HUIZINGA: So that’s the first part of the question. Tell me why I should care about it!

MISRA: So if you are a person who uses LLMs for solving any tasks, then you do care about performance on a given task. So, for example, you could be using LLMs to generate an email, right, from a given description. Or you could be using an LLM to do question answering. And by applying our intervention, we can gain accuracy on the task that we care about.

HUIZINGA: Well, let’s stick with you, Dipendra, for a minute and talk about the field writ large. Almost all research owes a debt to some other research that went before. So tell us a bit about the related work in this field and how your work builds on or adds to it.

MISRA: So the work that is most closely related to our LASER paper is this growing body of work on understanding how knowledge is stored and edited inside a large language model. So these works don’t apply the intervention that we do, but they were certainly inspirational for us for arriving at the intervention that we introduced. Another line of work which is very related is, like, adding a small number of parameters to improve the performance of the LLM on a given task. The most relevant work in this space is the LoRA paper, also known as the “Low-Rank Adaptation of Large Language Models,” which came from Microsoft. And what LoRA does, it adds a small number of additional parameters to an LLM and then fine-tunes it on a given task. And what our intervention, called LASER, does is that it removes parameters instead of adding it. And another line of work which is also related is the work on model compression. So there are people who focus on breaking down the size of the models as much as possible while still retaining the performance, more or less, compared to the base model. And so these people are also focused on removing parameters, but they are coming at a different angle of, like, trying to reduce the memory footprint, while what we were doing is that we are less focused on the memory footprint—that’s more like a side effect of it—and more like if I were to fiddle with this parameter of the LLM, then how does it affect the performance? And what can we learn by looking at the comparison? Like, OK, so if I remove this parameter, I see the performance drop; then it means that these parameters are storing something about this type of task on which the performance is dropping.
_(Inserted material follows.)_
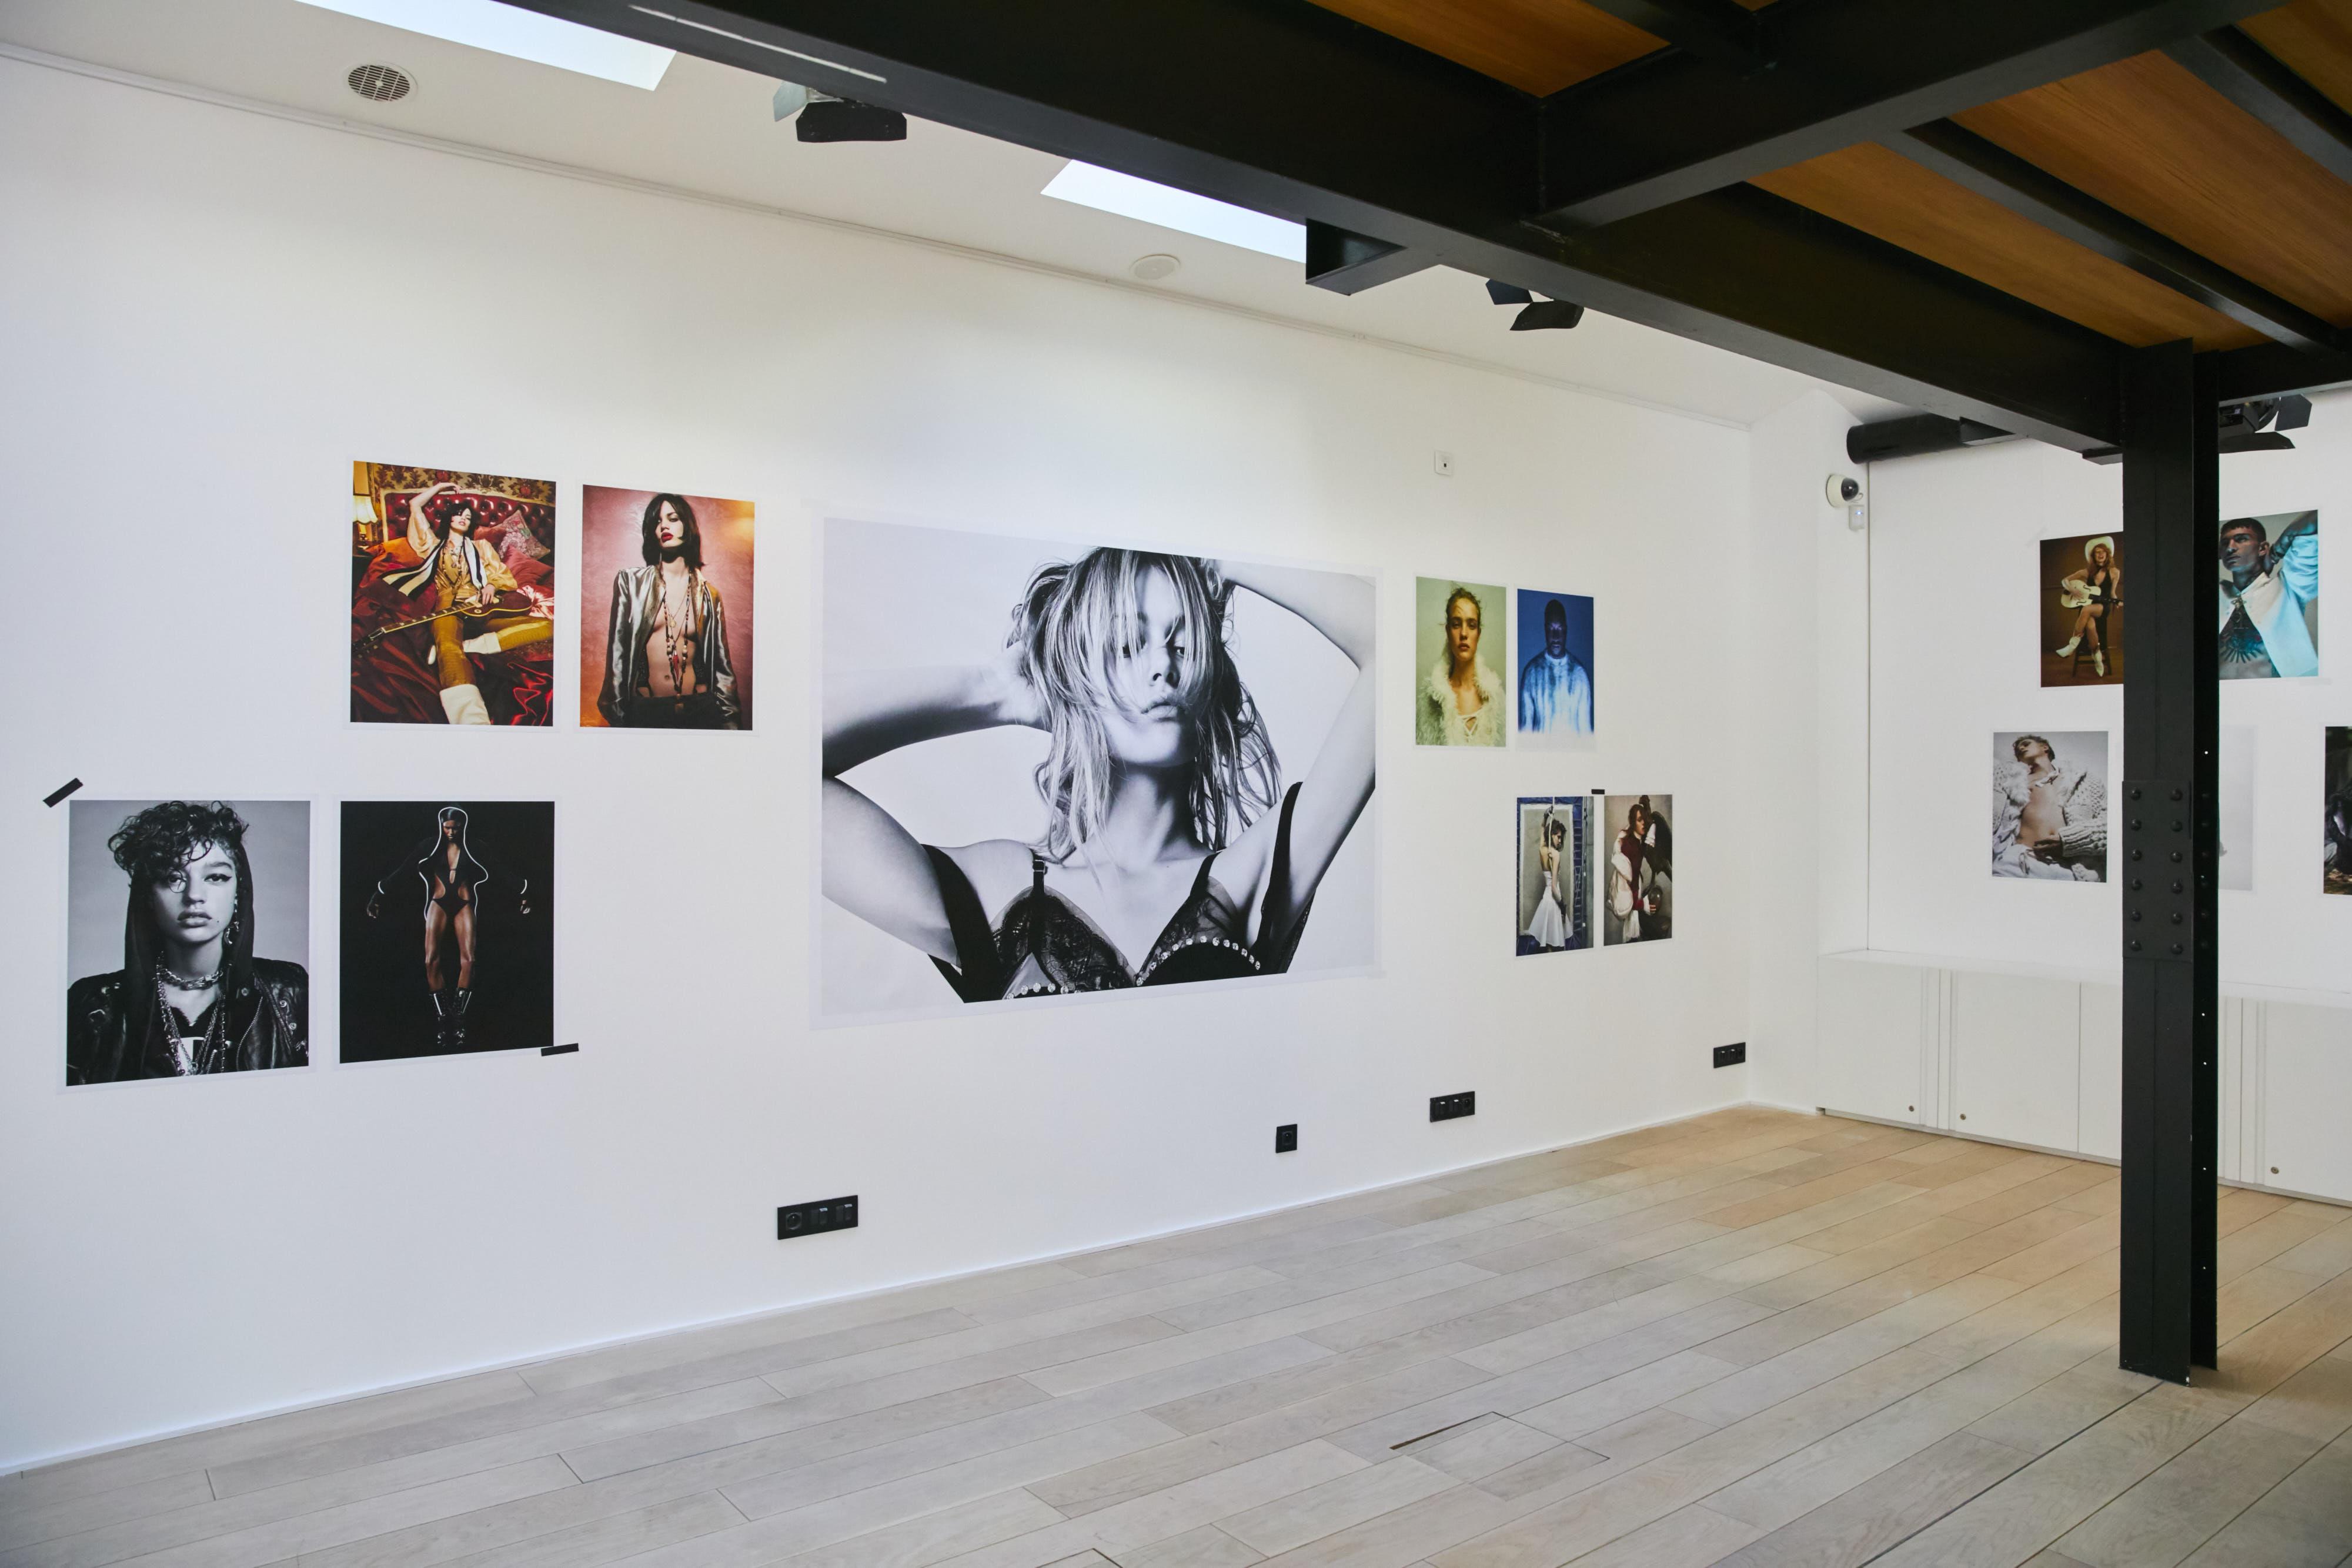 Vue de l'exposition Jean-Baptiste Mondino au Studio des Acacias. Photo : Valentin Le Cron

HUIZINGA: So I’ll ask you one more question, Dipendra, before I pull Jordan into the conversation, and that would be about your methodology. How would you describe your approach to this project, and how did you conduct the research?

MISRA: So we started by analyzing the intervention LASER on a particular LLM called GPT-J and evaluating its performance on this question-answering data CounterFact. So our idea was, like, before trying this thing on [a] bunch of things, let’s just understand this in one setting deeply and, kind of, build insights that we can then evaluate in other settings. And the reason we chose this setup was that the GPT-J large language model has its training data publicly available. It’s called the Pile dataset. And that allows us to do analysis with the training data. For example, is the performance dropping on data points which are rarer or more frequent in the training data? And this is important because training data analysis is frequently omitted in existing LLM literature, and that’s something we wanted to do. And the second reason is that the CounterFact question-answering data is both related to the prior work in this space, so there was a reason for choosing it, but also it has paraphrases of the same question. For example, it might ask, like, “Who is the president of United States of America?” But it will also have paraphrases like “The president of the United States of America is …” or “The head of the government of United States of America is …” And so it will have different variations of the same question. And then you can see if the LLM is able to get all of them right, or is it not robust to variations of the same question? And so we did analysis on this GPT-J and CounterFact dataset. And Jordan will talk more about what the results were. And so based on this rigorous analysis, we developed some insights as to what the intervention is doing. And then we evaluated these insights on other settings. So then we tried, like, two other different large language models and evaluated it on, like, multiple different datasets. And then we saw that the insights actually hold more broadly. And finally, we also evaluated this in a non-text related task, right. Because the intervention could, in principle, be applied to any neural network. So we went after this reinforcement learning model, which solves a puzzle called Sokoban. And we also saw that if you apply this intervention correctly, then you can get some performance improvement. So it’s not related to just large language models, although that was our main motivation.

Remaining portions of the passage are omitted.